Я не мог найти ответ на этот вопрос, равно как и на вопросы Боросэйжа. Я находился под арестом в мире, где не знал никого, где не имел никаких прав. Я был в дерьме по самые уши и не представлял себе, каким способом я собираюсь вылезти из него.

Боросэйж еще раз ударил меня, когда я не ответил на его вопросы.

— Не знаю! — Я потряс головой. — Проверьте… детектором лжи!

— Он не влияет на псионов. Только одной вещью можно вытянуть правду из гидрана. — Боросэйж протянул руку, и один из легионеров вложил что-то в нее. На этот раз — раскаленный металлический прут. Боросэйж раскрыл его.

У меня перехватило дыхание. Мне не нужна была демонстрация того, что может делать эта штука. Шрамы на спине постоянно напоминали мне о ней.

— Верно. Пора начать корчиться, юный насильник мозгов, — сказал Боросэйж. — Ты в курсе, что я с помощью этой штуки могу с тобой сделать. Правление Тау надерет мне задницу за это похищение. Они заставили меня каждый час докладывать о происходящем. Они хотели, чтобы еще вчера ребенок был возвращен, ты понимаешь, о чем я? Они доверили это дело мне. Сказали: «Делай все, что нужно». Что я и собираюсь делать…

Щуп поцеловал мою ладонь. Я выругался, дергаясь, не в силах вырваться, когда его жало прожигало себе дорогу в моей плоти.

Боросэйж махнул рукой. Фахд подошел, расстегнул мою дорогую куртку и рубашку. Я услышал треск рвущейся ткани.

— Ты понял меня?

Я кивнул, чувствуя, как мышцы груди и живота напряглись в ожидании. Во мне росло желание пнуть его по яйцам. Если бы я не знал, что он со мной сделает за это, я бы поддался этому желанию.
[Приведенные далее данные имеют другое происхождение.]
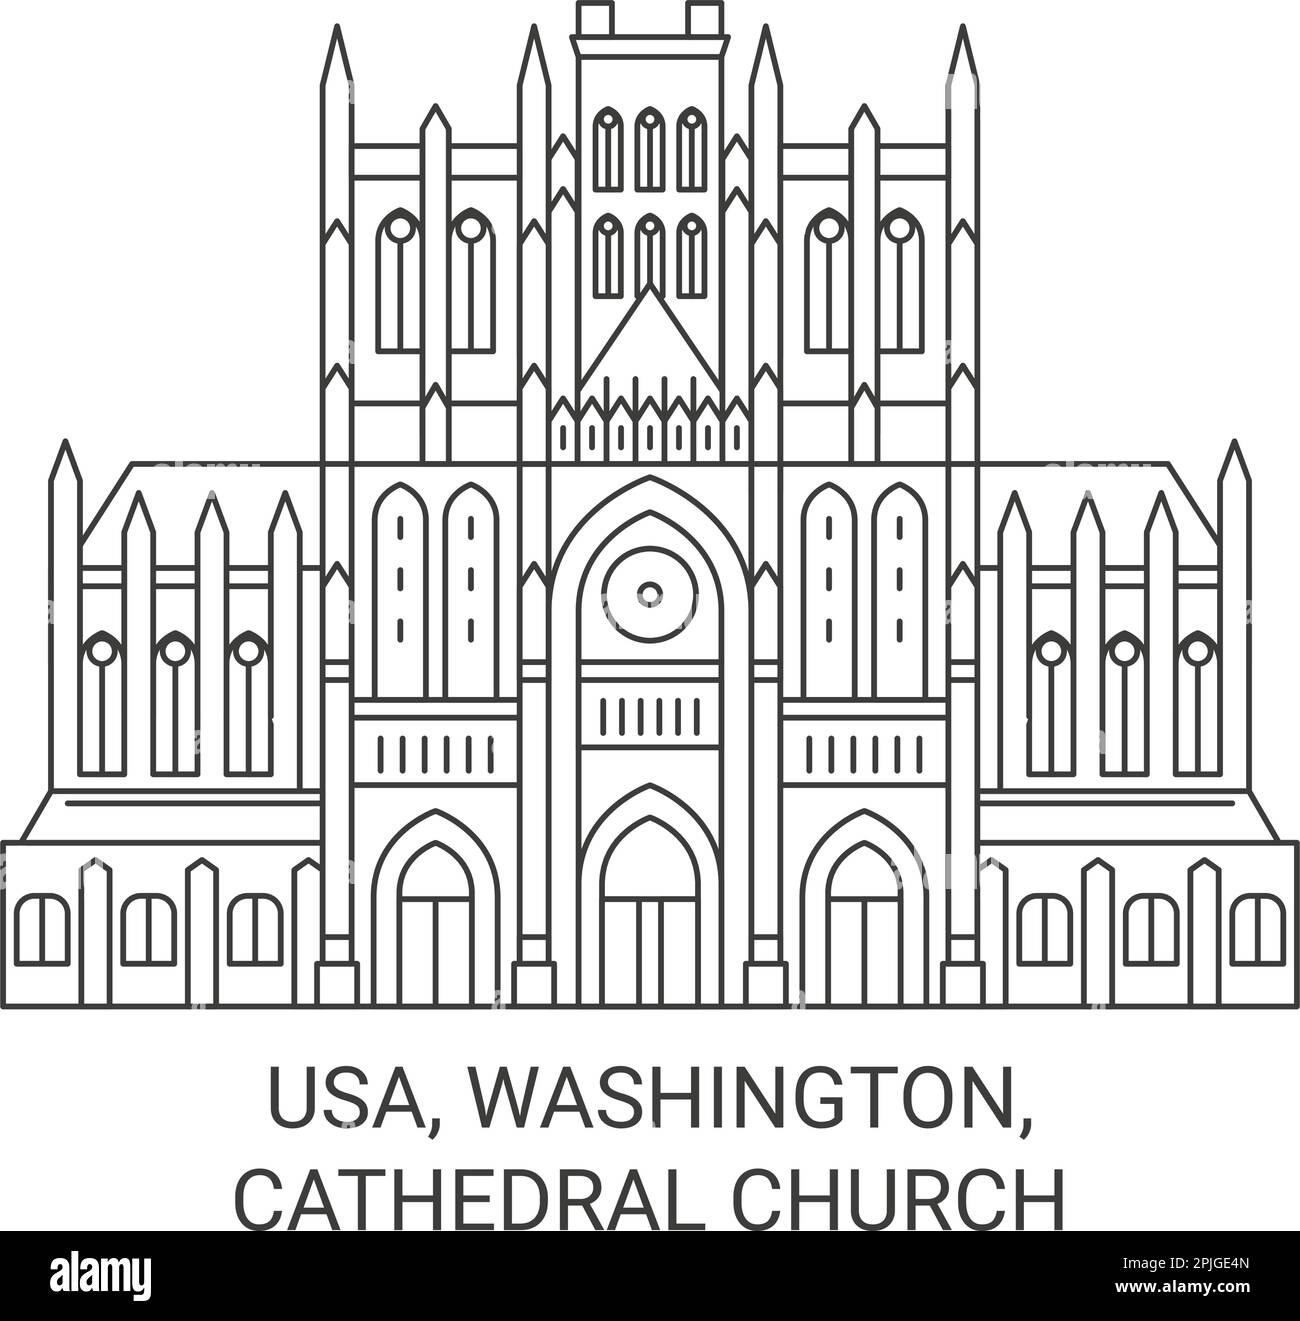 Usa, Washington, Cathedral Church travel landmark vector illustration Stock Vector
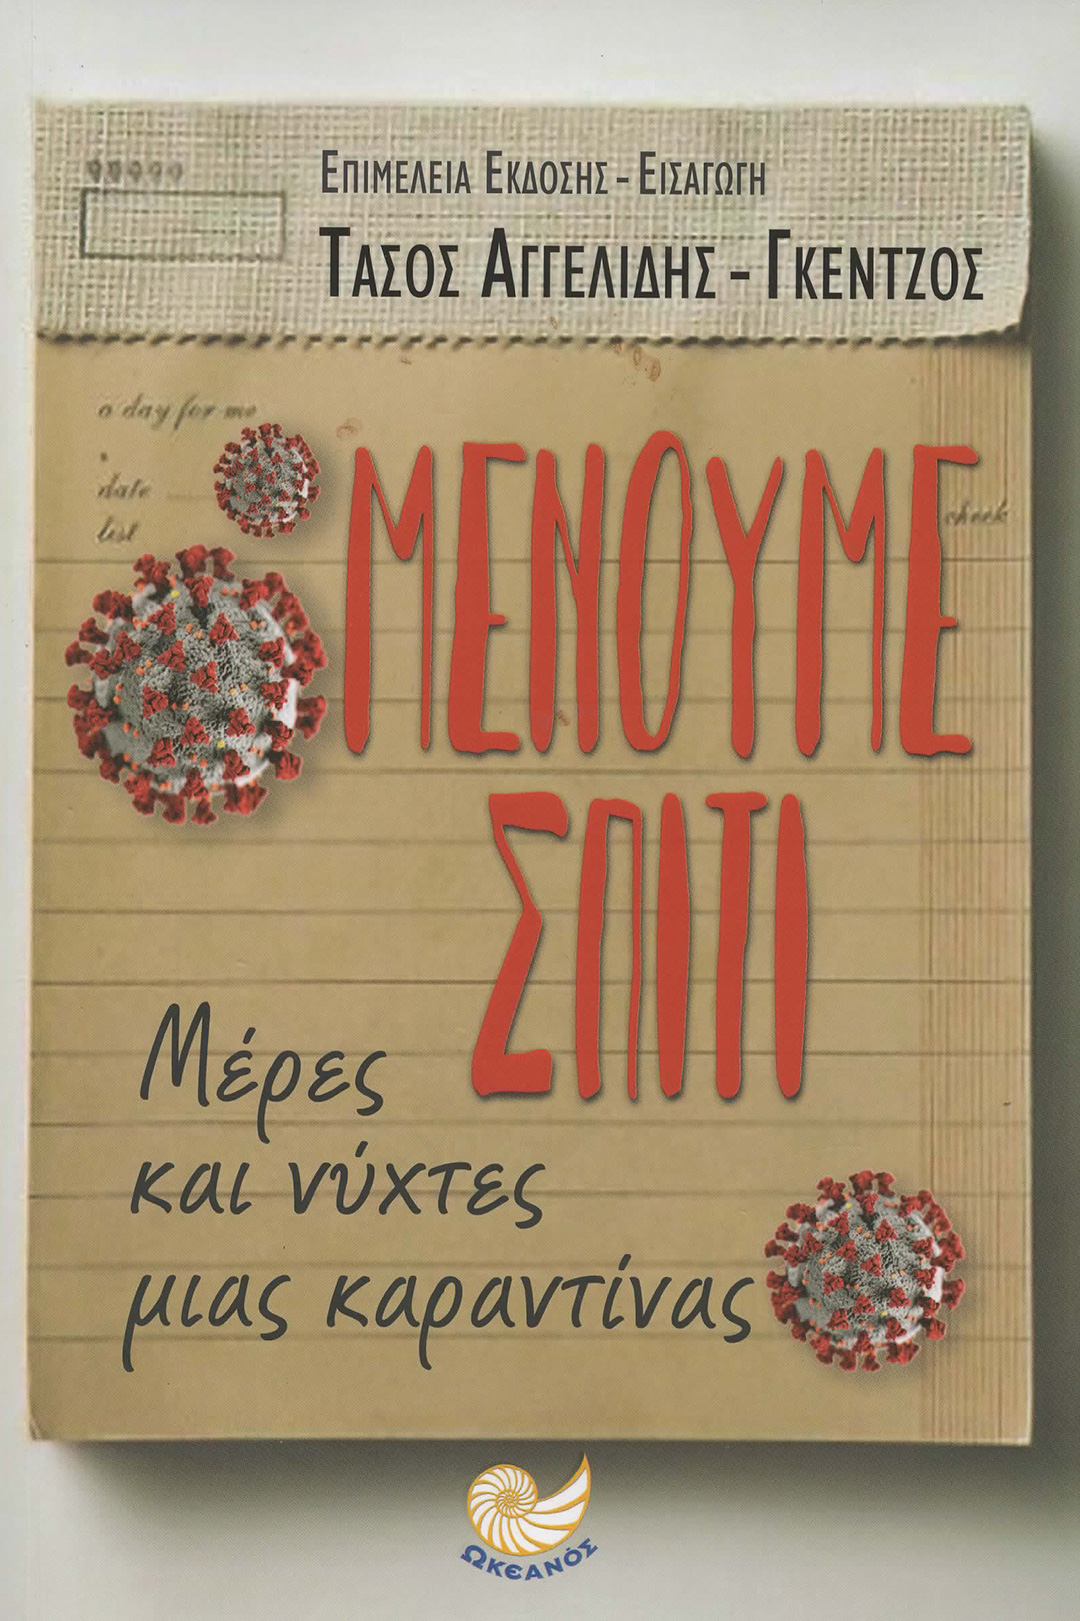 Menoyme Spiti Front Cover

— Я собираюсь услышать от тебя все, что ты знаешь, парень, — сказал Боросэйж. — Или твои стоны. — Его глаза просили меня простить его.

Я выругался про себя, недоумевая, какое из девяти миллиардов имен Бога сказать ему. Хуже того, как я вообще смогу выговаривать хоть кому-либо понятные слова своим языком.

Чей-то браслет загудел слишком громко в агонизирующей тишине. Я взглянул на свой, сердце мое было готово выпрыгнуть из горла: функция звонка была выведена из строя.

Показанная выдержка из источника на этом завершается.